The President had approved the U-2 and RB-58 flights without even consulting him. McNorman seethed at the memory. He’d tried to re-establish his authority by laying down course and coverage orders for the aircraft. After he’d finished, LB.I had just looked at him and said “Yes Robert” in the same tone of voice he’d have used to a small child who had claimed to have seen fairies in the back yard. And his input had been completely ignored.
The door opened and Ramsey Chalk walked in. Unannounced and without the courtesy of a knock. That was another thing that infuriated McNorman, The Attorney General had been assigned one of the legendary Executive Assistants supplied by the contractors yet McNorman hadn’t.
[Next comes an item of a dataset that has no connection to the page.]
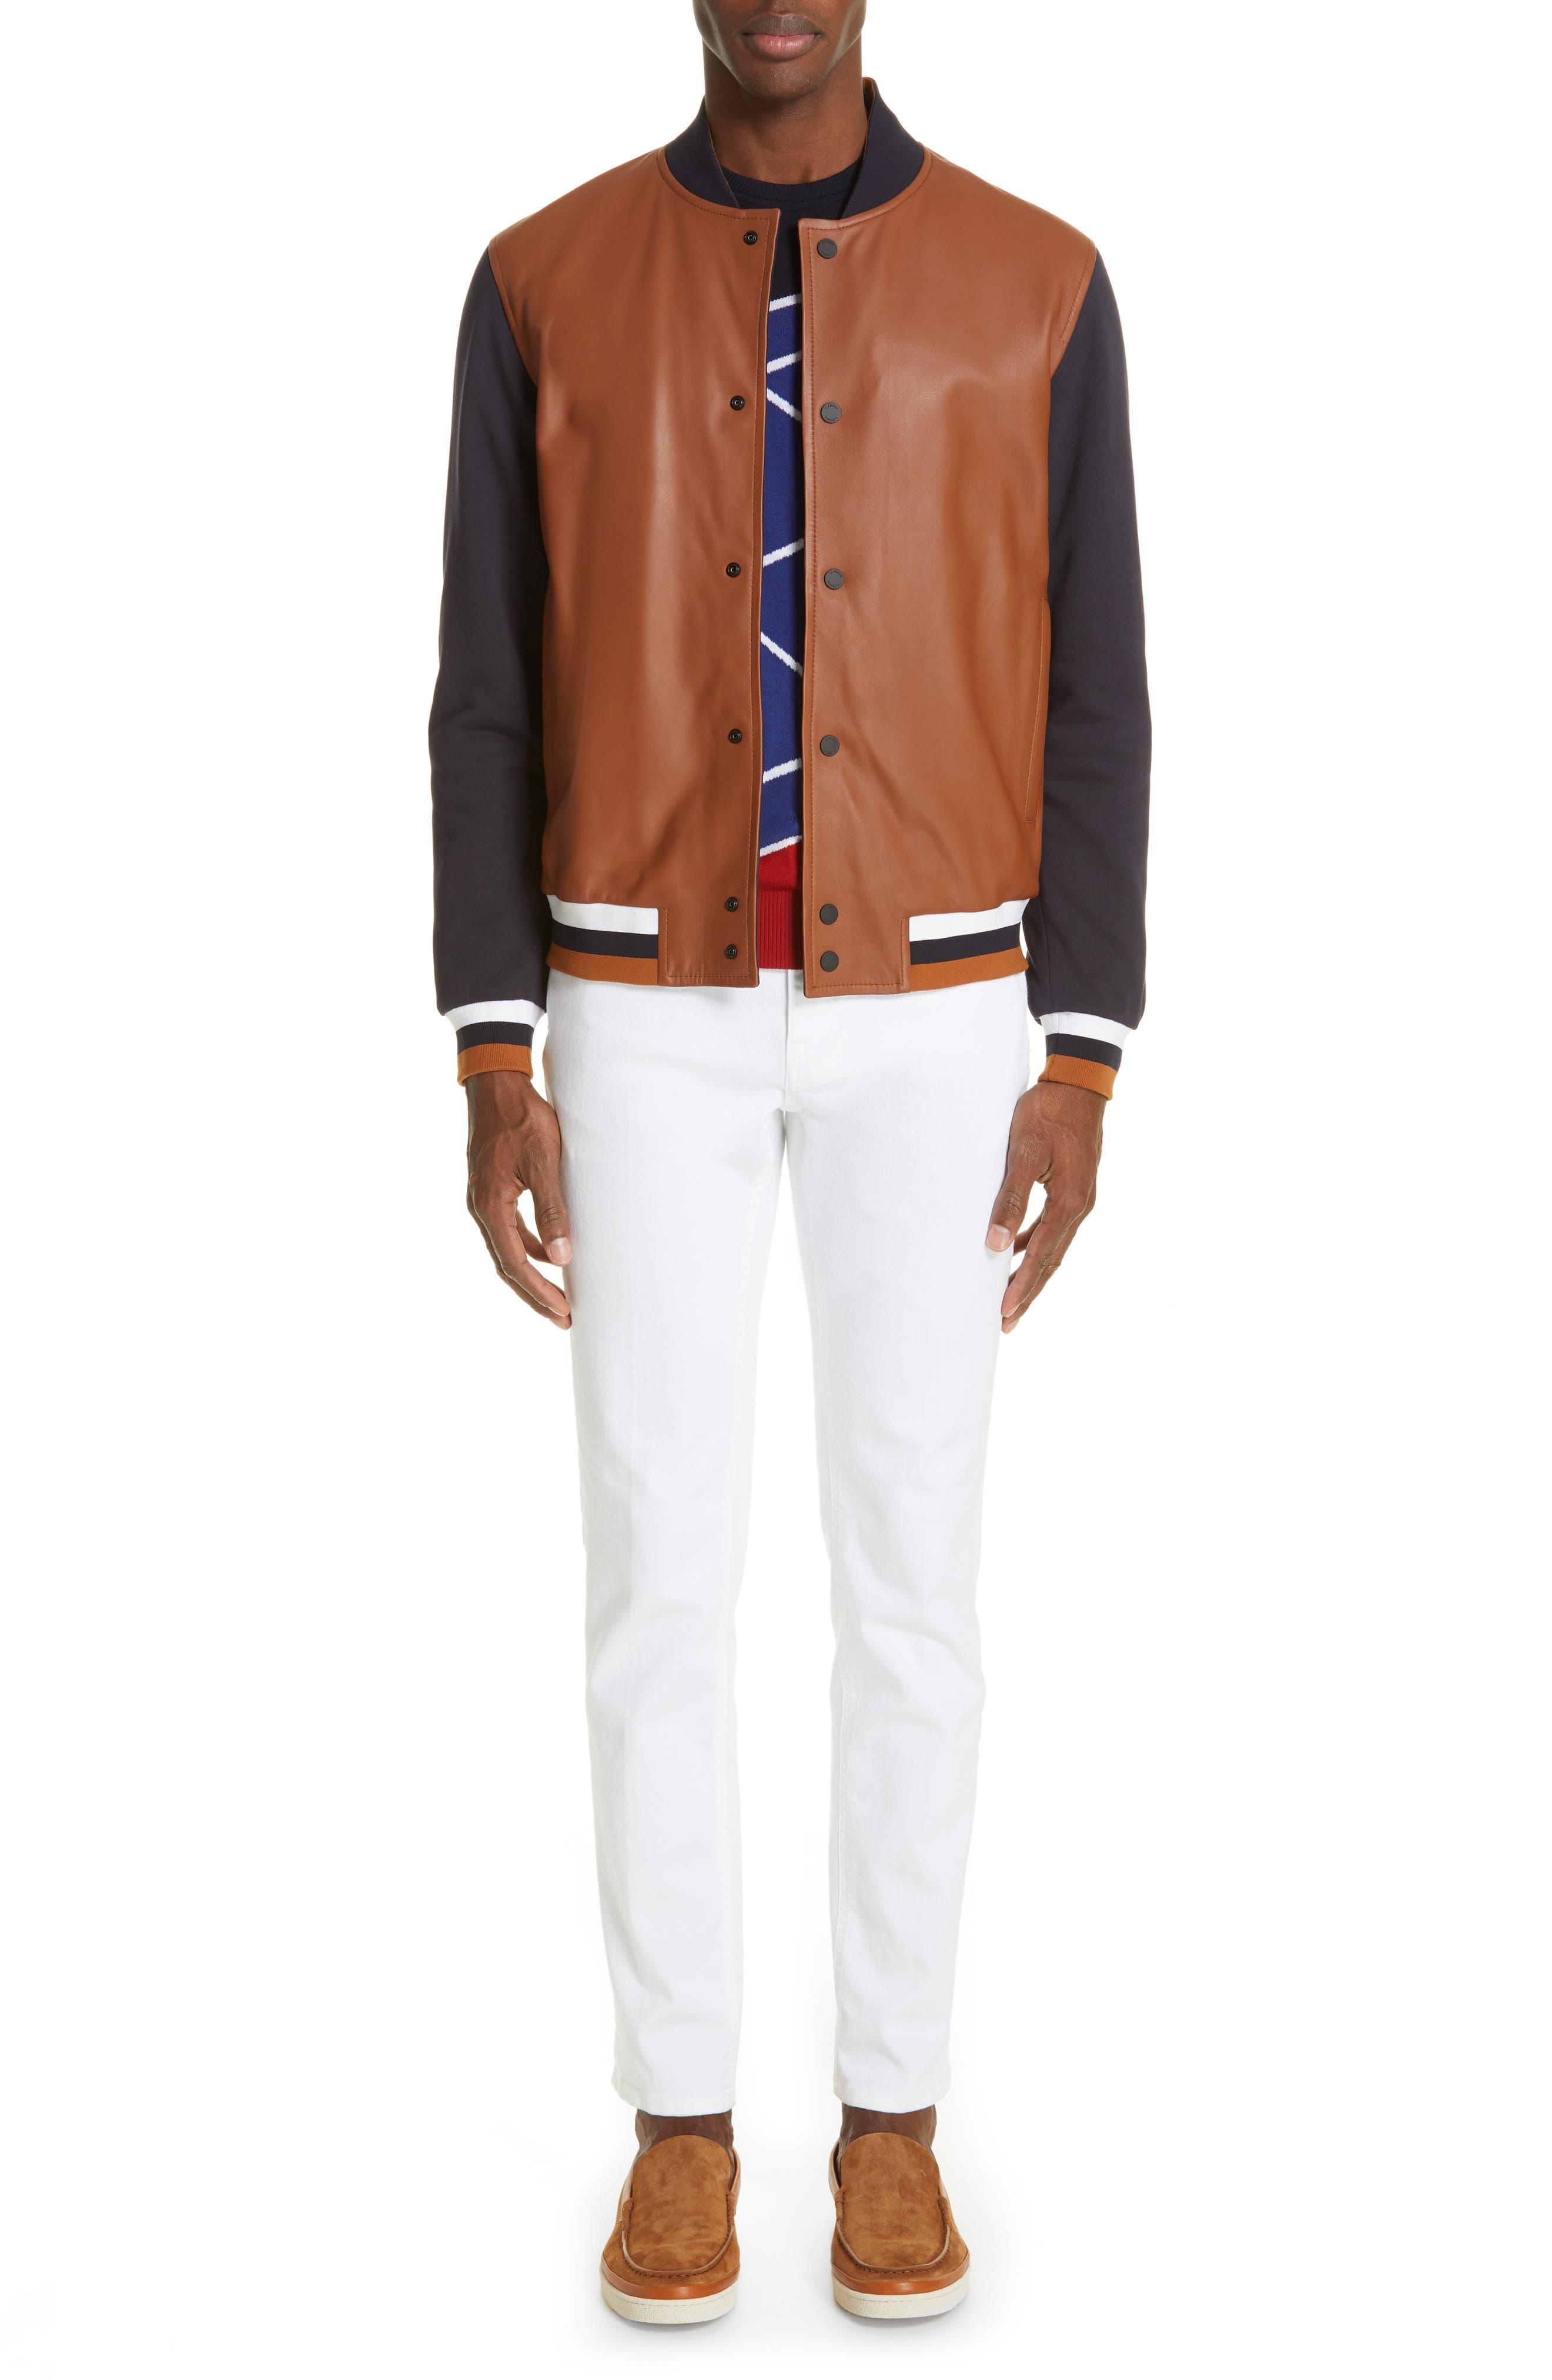 Z ZEGNA, Contrast Leather Bomber Jacket, Alternate thumbnail 7, color, NAVY/ BROWN

Dean Rusk had asked for one and they’d recruited his assistant within a few hours, a young woman called Inanna. Rusk never stopped singing her praises. When he wanted something, it was organized for him, when he went somewhere, the itinerary was timed and arranged to perfection. Yet, he, Robert McNorman still had a secretary rather than an Executive Assistant. It was an insult, McNorman thought, a deliberate insult.
“Robert, I have been considering the implication of today’s decision to fly reconnaissance flights over the Palestine coast. It is my ruling as Attorney General that the planned flights constitute a breach of International Law and by carrying them out, the United States will be committing a war crime. Since it is your department that will be responsible for these illegal flights, you also will be committing a crime.’
McNorman stared at Chalk with disbelief. He knew that the man had developed a habit of going well beyond his departmental remit in his search to place the United States under the control of international legal systems and organizations but this was going too far. The President himself had cleared the flights and, anyway, everybody knew SAC flew where it wanted, when it wanted, and woe betide anybody who tried to interfere.
“Robert, it is my decision to establish a series of rulings that will mitigate the severity of our criminal activities. I call them Rules of Engagement.” SAC already had those, McNorman reflected, as a rule, if somebody engaged SAC, they ceased to exist shortly afterwards. “I have written these out as a series of instructions for your crews. Distribute them before the flights tomorrow.”
McNorman looked at the list “Restricting the flights to subsonic speeds?”